6. Dietary taboos for patients with gallbladder-colonic flexure adhesion syndrome

  1. Pay attention to liver protection in daily life to prevent fibrosis. The diet should be light, balanced, and nutritious, avoiding excessive intake of greasy, fried, and spicy foods. Do not overeat or starve. This irregular eating habit can cause abnormal secretion of digestive juices, leading to dysregulation of liver function.

  In addition, eating fresh seasonal fruits and vegetables, and green foods are the best choices for protecting and nourishing the liver. For fresh vegetables, they can be eaten raw or cooked into soup, and they should be alternated daily to avoid frying them for too long. If the liver Qi is too strong, it is advisable to eat more foods that have a draining effect on the liver, such as fresh celery porridge or juice, chrysanthemum tea, etc.; for those with insufficient liver blood, who often feel dizzy, blurred vision, and fatigue, it is recommended to eat more longan porridge, wolfberry chicken soup, pork liver, etc. In spring, when the liver Qi is strong, it is easy to affect the spleen and stomach, so it is appropriate to eat some sweet and delicious foods, such as glutinous rice porridge, cabbage, and jujube.

7. The conventional method of Western medicine for treating gallbladder-colonic flexure adhesion syndrome

  First, preoperative preparation

  1. Preoperative preparation for acute patients can refer to gallbladder fistulization surgery.

  2. For chronic cases, proper preparation before surgery is required: correcting anemia, improving nutritional status, and using high sugar, high protein, and high vitamin liver-protecting treatment. Prepare 300-500 ml of blood before surgery. Traditional Chinese medicine treatment for choledochocolonic liver flexure adhesion syndrome.

  Second, folk remedies or dietetic recipes

  1. Atractylodes steamed mandarin fish. Ingredients: 250-500 grams of mandarin fish, 15 grams of atractylodes, a little ginger and scallion, 15 grams of ham, 15 grams of mushrooms, and other seasonings. Method: Steam over high heat for 15 minutes.

  2. crucian carp soup.
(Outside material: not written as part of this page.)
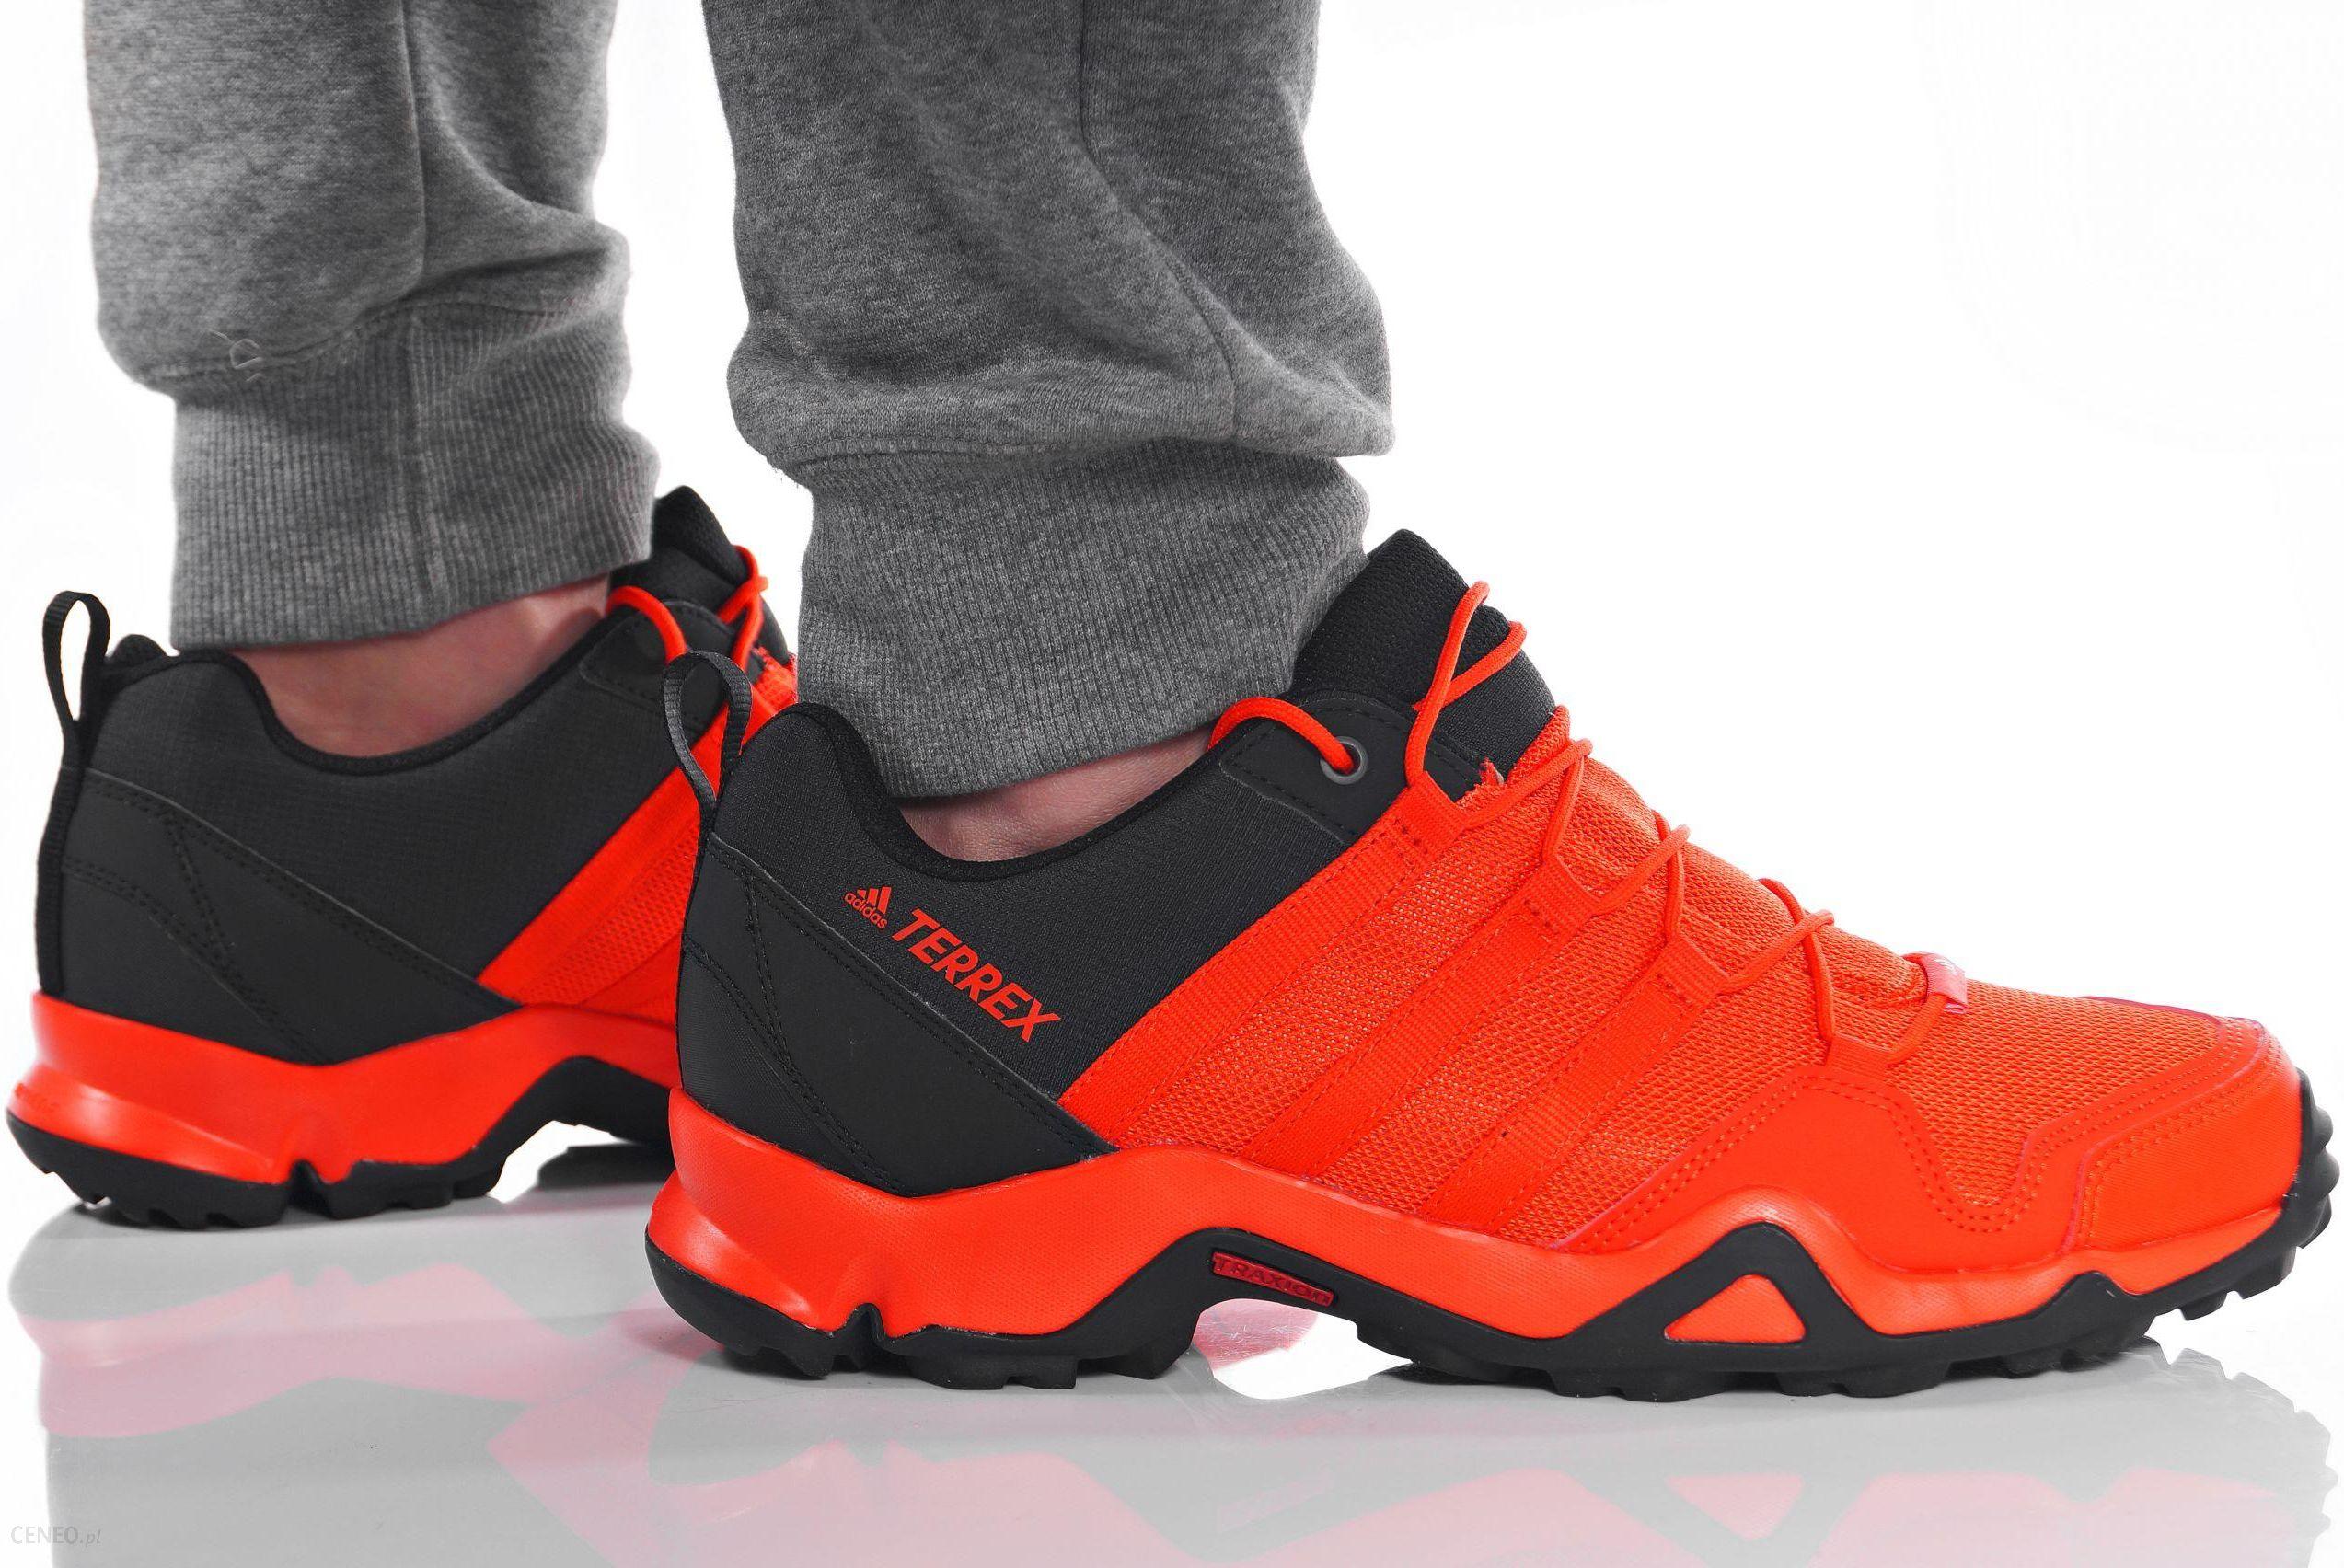 Buty adidas terrex ax2r bb1982 męskie trekking Zdjęcie na

Ingredients: 500 grams of crucian carp, 10 grams of tangerine peel, 3 grams of sand, 10 grams of Amomum villosum in a cloth bag, seasoning, scallions, ginger, etc. Method: Put the cloth bag and scallions and ginger into the fish belly, slightly fry the fish with scallion oil, add water, bring to a boil, and wait until the soup turns milky, eat in 2-3 servings.
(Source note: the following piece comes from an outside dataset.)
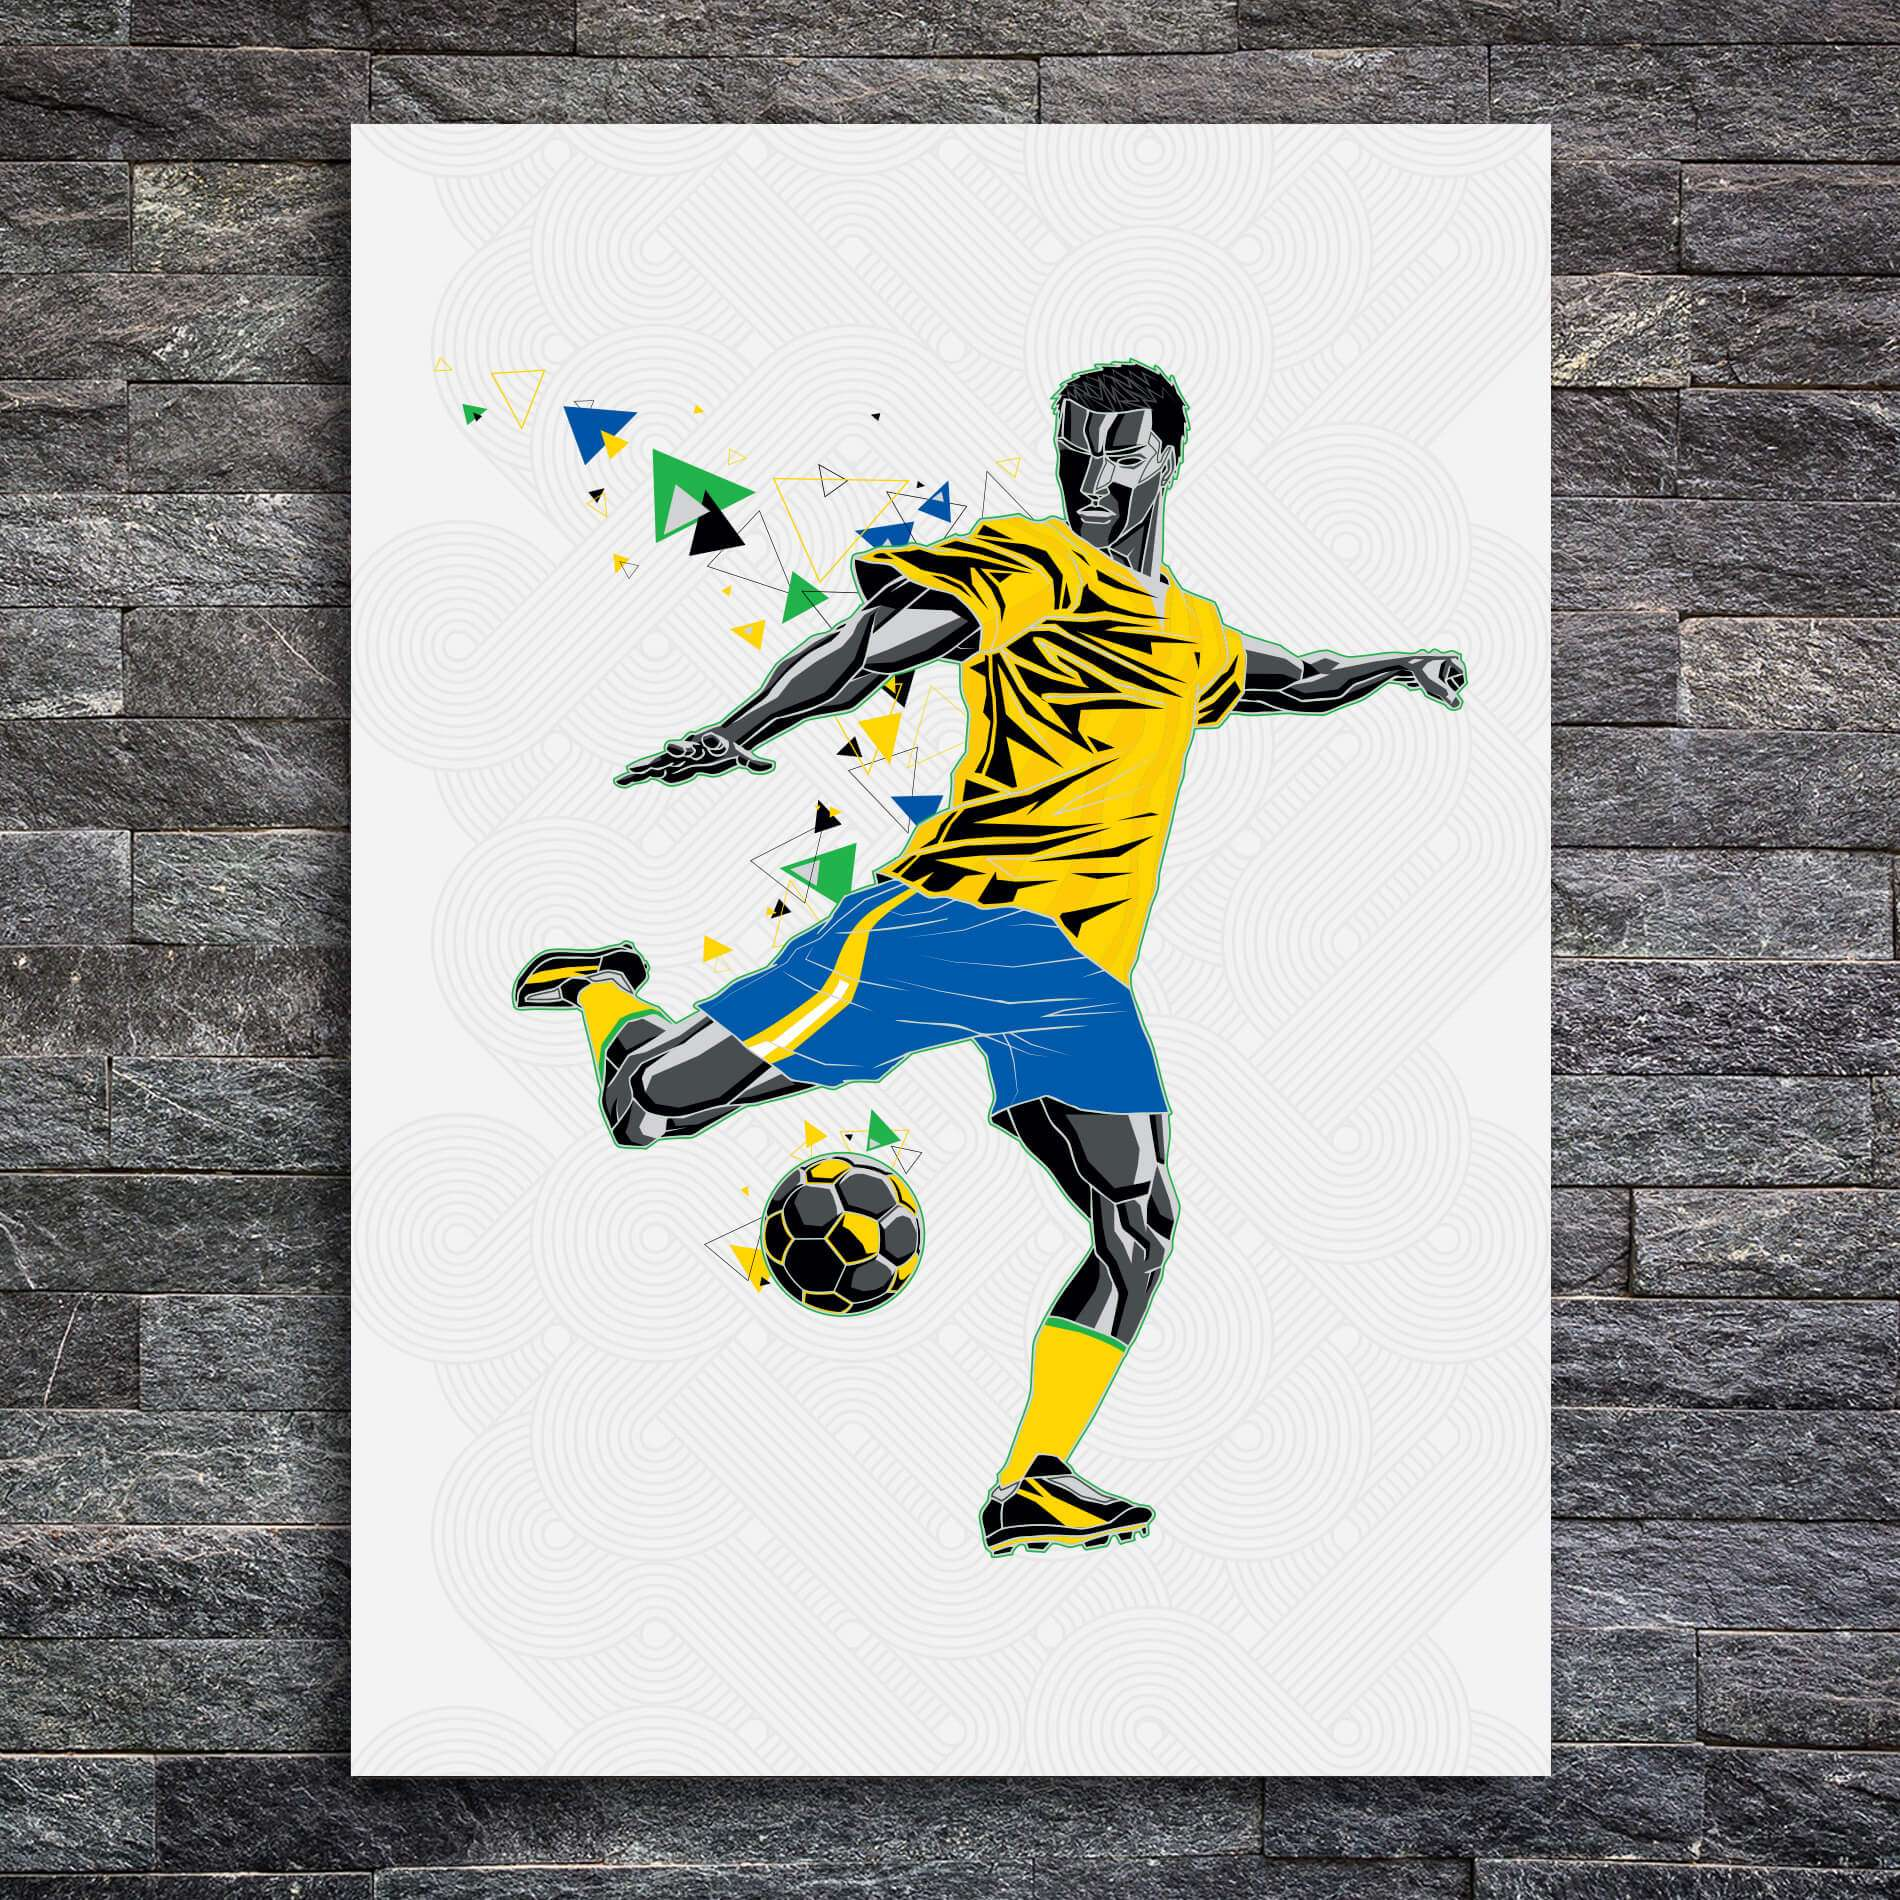 Placa Decorativa MDF Jogador de Futebol Chute a Gol 20x30cm 7c4dcceaf8267

  Commonly used liver-protecting drugs for patients with liver disease---Commonly used liver-protecting drugs in clinical practice include vitamin drugs, drugs that promote liver detoxification, drugs that promote energy metabolism, drugs that promote protein synthesis, drugs that prevent fatty liver, and drugs that prevent fibrosis, and many other types.

  Third, Liver and kidney yin deficiency type:For patients with hot palms and soles, night sweats, dizziness, blurred vision, soreness in the lower back and knees, and a red tongue with little coating, it is advisable to choose dietetic recipes for nourishing yin and benefiting the liver and kidney.
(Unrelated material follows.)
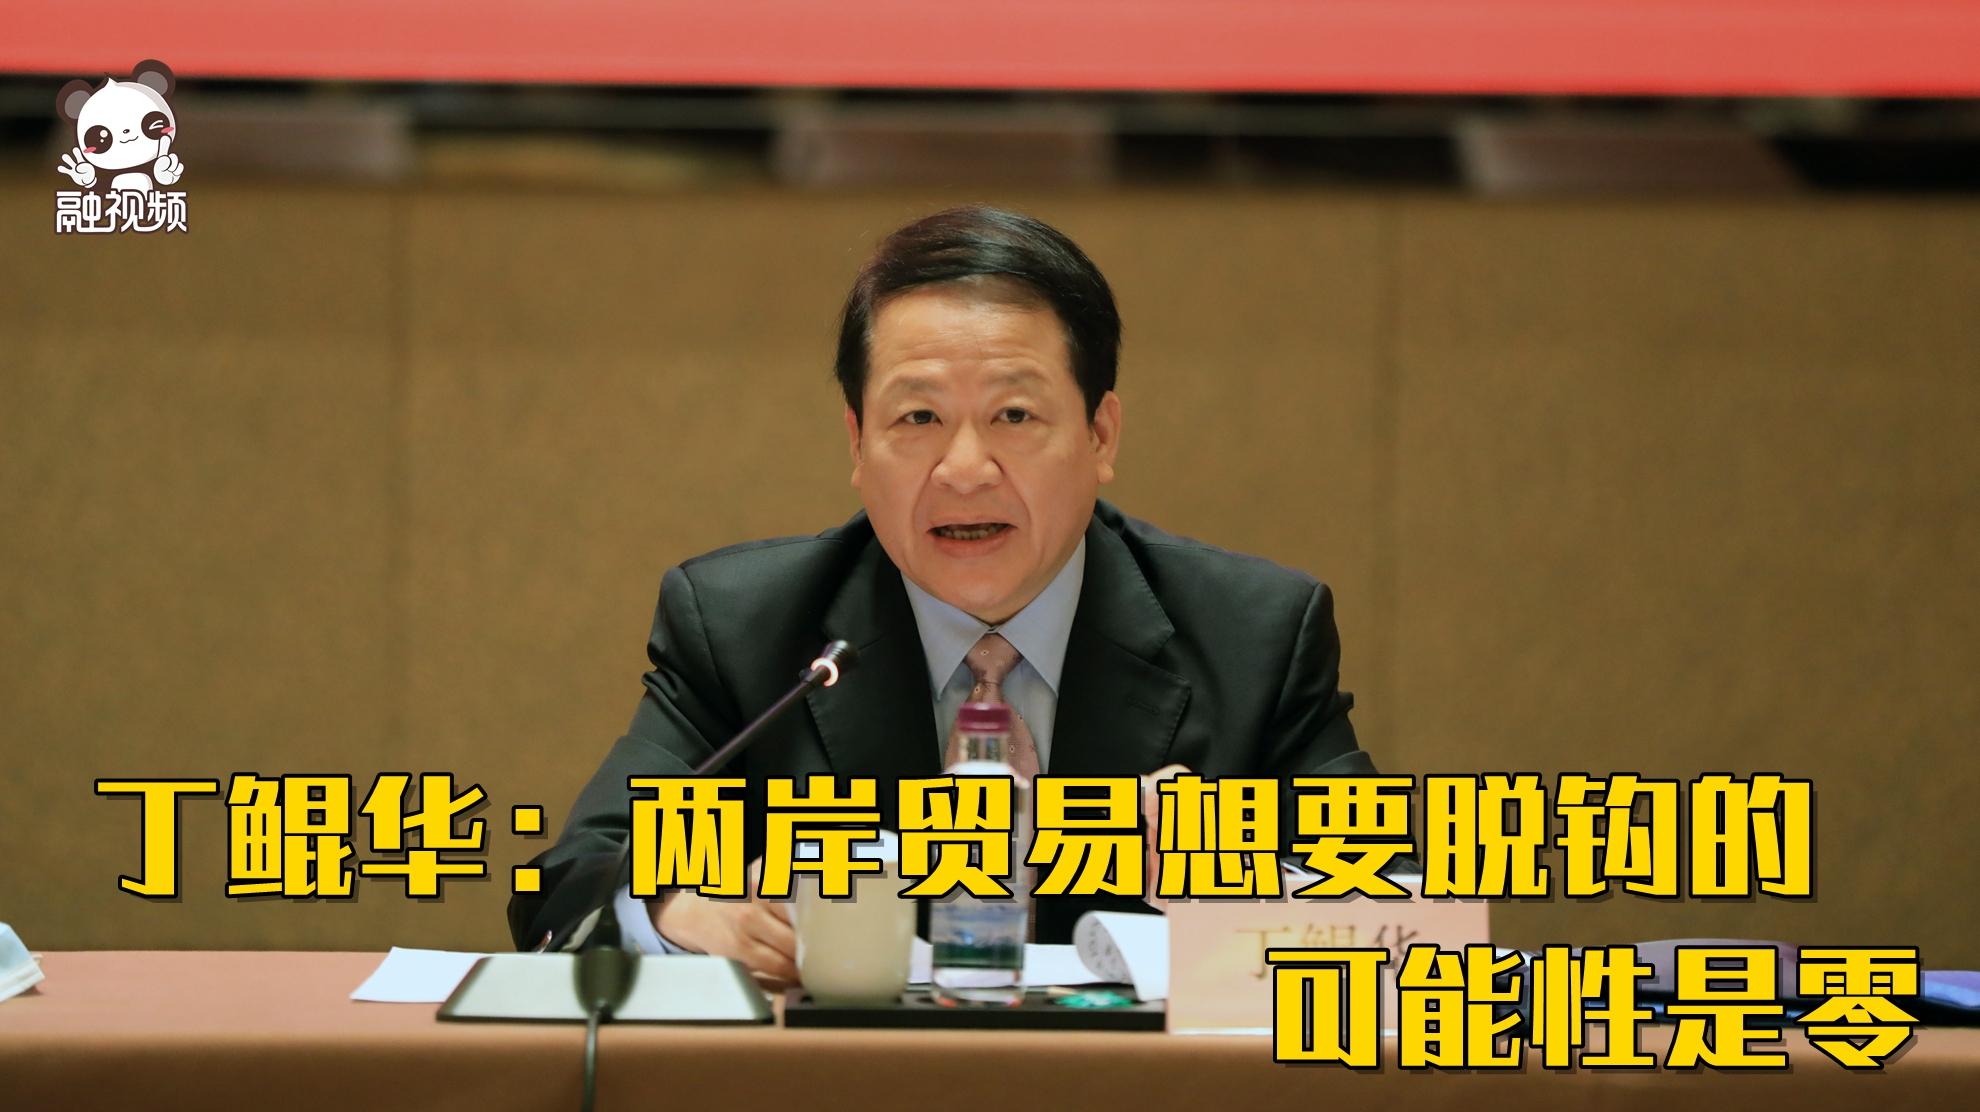 丁鲲华:两岸贸易想要脱钩的可能性是零图片

  1. Chinese wolfberry steamed whole chicken. Ingredients: about 1000 grams of hen, 30 grams of Chinese wolfberry, a little seasoning. Method: Put the Chinese wolfberry into the chicken belly, add the seasoning, and steam for 2 hours, eat in 2-3 servings.

  2. Chinese wolfberry winter wheat egg cubes. Ingredients: 10 grams of Chinese wolfberry, 30 grams of lean pork, 5 eggs. Method: chop the meat, beat the eggs, and steam and cut into granules. Stir-fry the meat, Chinese wolfberry, winter wheat, and egg granules together.

  Fourth, Liver depression and spleen deficiency type:For patients with nausea, belching, loss of appetite, abdominal distension and pain, loose stools, it is advisable to use dietetic recipes for soothing the liver and strengthening the spleen.

  1. Tangerine peel duck. Ingredients: one duck, 10 grams of tangerine peel, 10 grams of Chinese yam. A little seasoning. Method: After the duck is cooked, add the seasoning, tangerine peel strips, and Chinese yam, and boil for another 15 minutes. Eat in 2-4 servings.

  2. Osmanthus rice porridge, rose rice porridge, and Job's tears and red bean porridge. Method: Cook the rice with water and an appropriate amount of sugar until slightly thick, then add osmanthus, rose, or Job's tears and red bean until thick, and it is ready to eat.